Ancaman Besar Tsunami di Cilacap dan Pantai Selatan Jawa, Bagaimana Cara Bersahabat dengan Gempa?

Suara Depok

Kamis, 04 Agustus 2022 | 12:20 WIB
Ancaman Besar Tsunami di Cilacap dan Pantai Selatan Jawa, Bagaimana Cara Bersahabat dengan Gempa?
Ilustrasi Tsunami.[Pixabay/KELLEPICS] (Pixabay/KELLEPICS)

Depok.suara.com - Tsunami adalah gelombang laut yang sangat besar yang diakibatkan oleh gempa bumi yang sangat kuat dan sumber gempanya berada di dasar laut, dengan kedalaman pusat gempa kurang dari 30 km.

Namun Tsunami dapat juga disebabkan oleh longsoran bawah laut, letusan gunung api bawah laut, bahkan meteor yang jatuh ke bumi.

Cilacap merupakan salah satu wilayah di Jawa Tengah yang rawan gempa bumi dan tsunami.

Tapi, Gempa bumi dan tsunami hingga saat ini belum dapat diprediksi kapan terjadinya.

Ahli kegempaan Fakultas Teknik Unsoed, Dr.Ir.Asmoro Widagdo,ST.,MT.,IPP. menjelaskan bahwa pantai Cilacap seperti halnya semua pantai di sepanjang selatan Pulau Jawa merupakan area yang perlu mendapatkan perhatian terkait potensi kejadian bencana gempa dan tsunami.

"Berbagai gempa dengan kekuatan dan kedalaman bervariasi telah terjadi di selatan Jawa," ujarnya dari keterangan tertulis Kamis (4/7/2022).

Menurutnya beberapa kejadian gempa bakal disusul dengan tsunami yang menyertainya. Maka masyarakat harus mengantisipasi hal tersebut.

"Ratusan bahkan ribuan korban gempa/tsunami pernah terjadi di selatan Jawa-Sumatra. Kejadian ini terekam oleh masyarakat di sepanjang pantai dan menjadi momok yang menghantui mereka," ucapnya.
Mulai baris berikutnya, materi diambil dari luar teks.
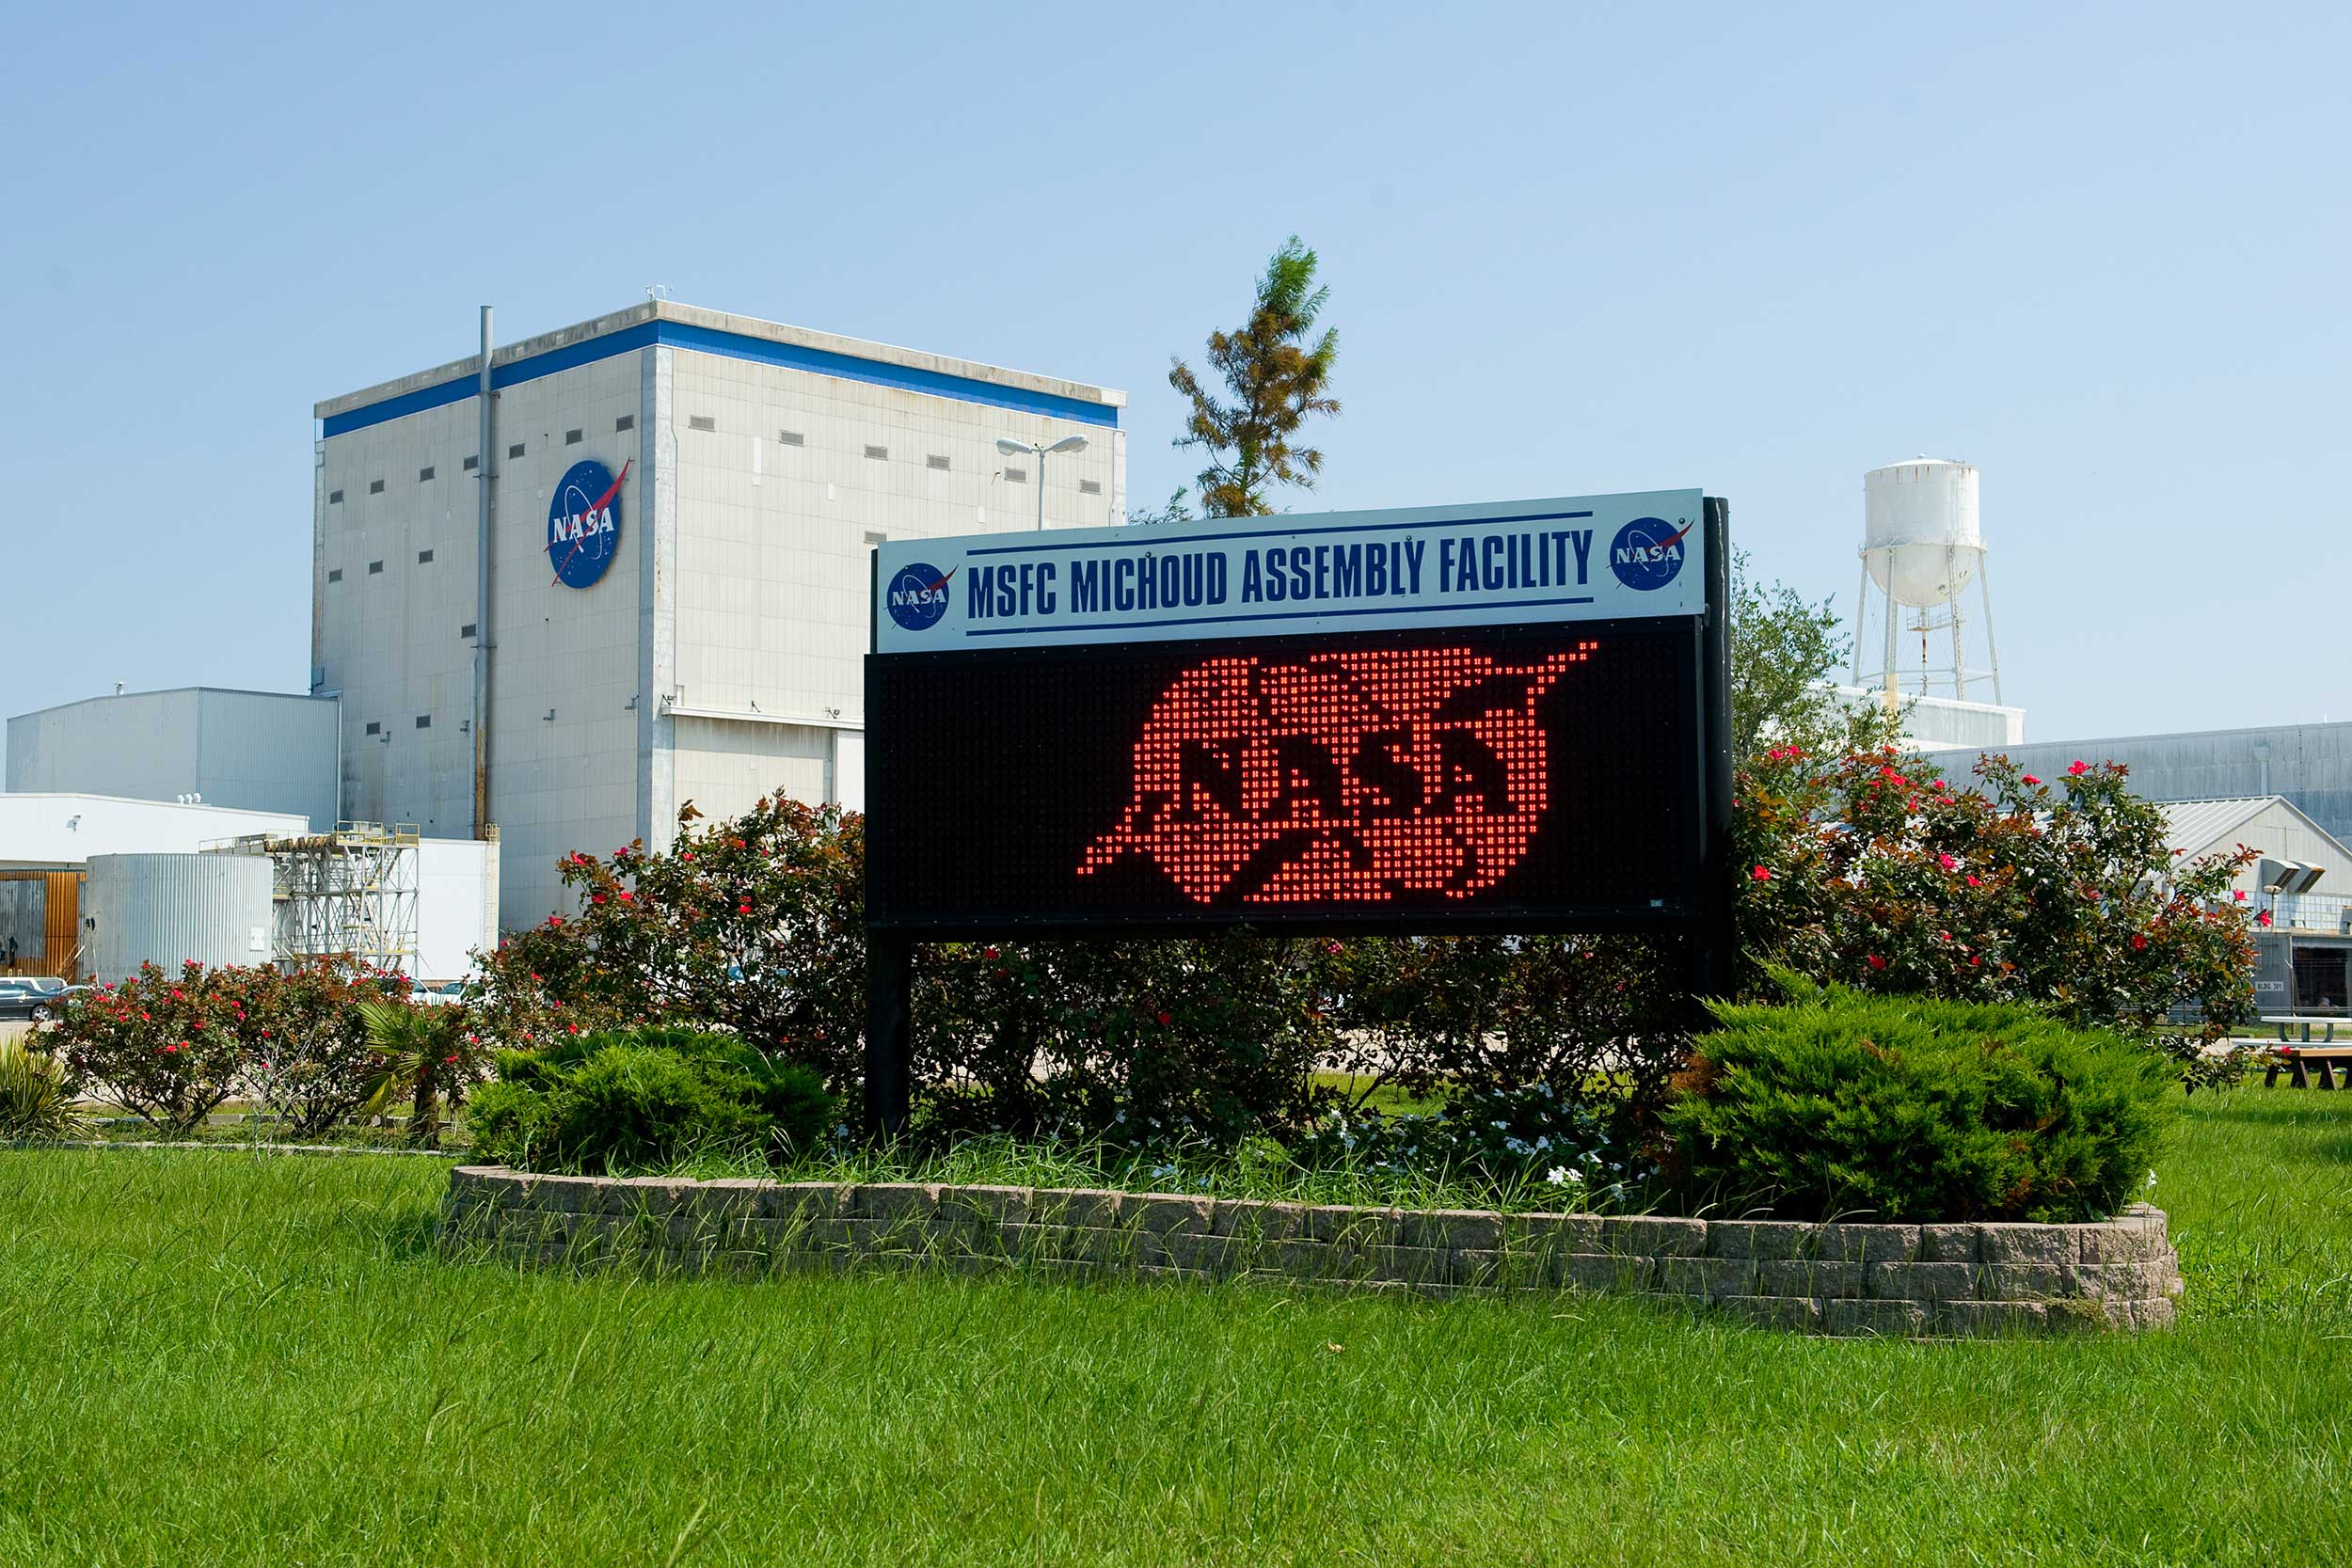 The entrance to the MSFC Michoud Assembly Facility NASA center

Namun demikian, ia meminta masyarakat untuk tidak panik secara berlebihan, dan lebih menyiapkan mitigasi bencana.

baca juga

"Ketakutan masyarakat akan ancaman gempa dan tsunami menjadi berlebihan oleh akibat kesalahan masyarakat sendiri dalam mensikapi berbagai pemberitaan di media sosial. Untuk itu diperlukan edukasi tentang gempa bumi dan tsunami," ujarnya.

Dr.Ir.Asmoro Widagdo,ST.,MT.,IPP. mengatakan bahwa ancaman gempa bumi dan tsunami akan selalu menjadi bagian bagi masyarakat Cilacap dan pantai selatan Jawa. Untuk itu persepsi masyarakat tentang gempa dan tsunami perlu diluruskan.
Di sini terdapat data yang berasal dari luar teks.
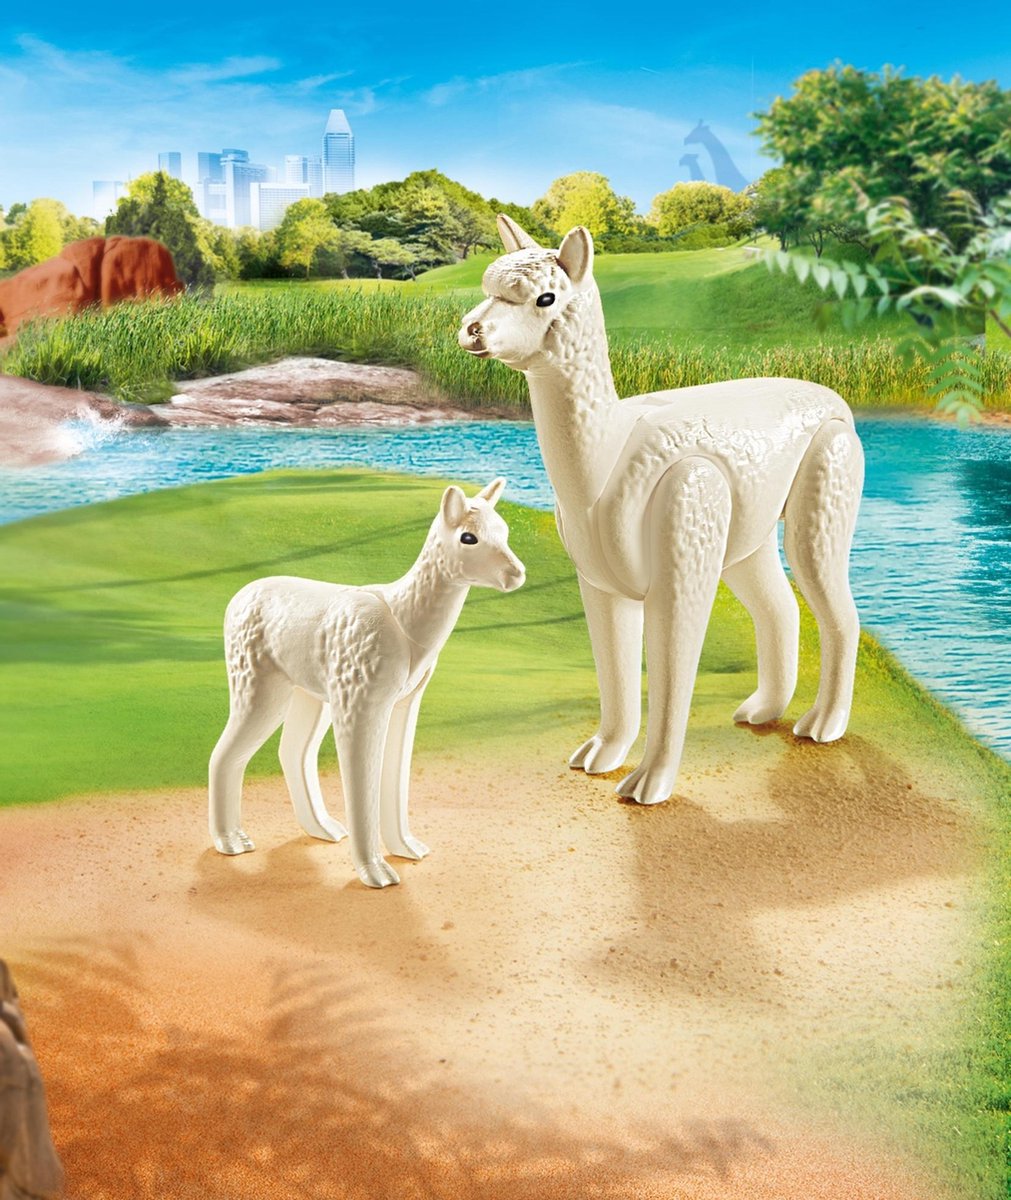 Playmobil Family Fun Alpaca met baby (70350) - Wit

"Bahwa adanya ancaman tsunami besar di selatan Jawa merupakan hal yang logis ditinjau dari posisinya yang berada pada jalur penyusupan lempeng. Gempa bumi terjadi bilamana batuan di bawah permukaan bumi Pulau Jawa atau di dasar laut selatan sudah tidak mampu lagi menyimpan tekanan/stress akibat tekanan dari Lempeng Samudera Hindia di selatan," jelasnya.

Menurutnya, tekanan atau stress ini akan dilepaskan batuan sebagai getaran gempa bumi. Adanya perubahan akomodasi air laut yang ditimbulkan oleh gempa dapat menyebabkan timbulnya gelombang tsunami.

"Tekanan yang dialami batuan di sisi selatan Pulau Jawa atau di lepas pantai selatan Jawa akan dilepaskan dalam bentuk patahan/sesar. Patahan ini yang kemudian meghasilkan gelombang yang menggetarkan atau menggoncang area disekitarnya yang kita rasakan sebagai gempa bumi. Beberapa jenis patahan ini dapat memicu kejadian tsunami akibat berubahan ruang akomodasi air laut di dasar Samudera Hindia," ujarnya.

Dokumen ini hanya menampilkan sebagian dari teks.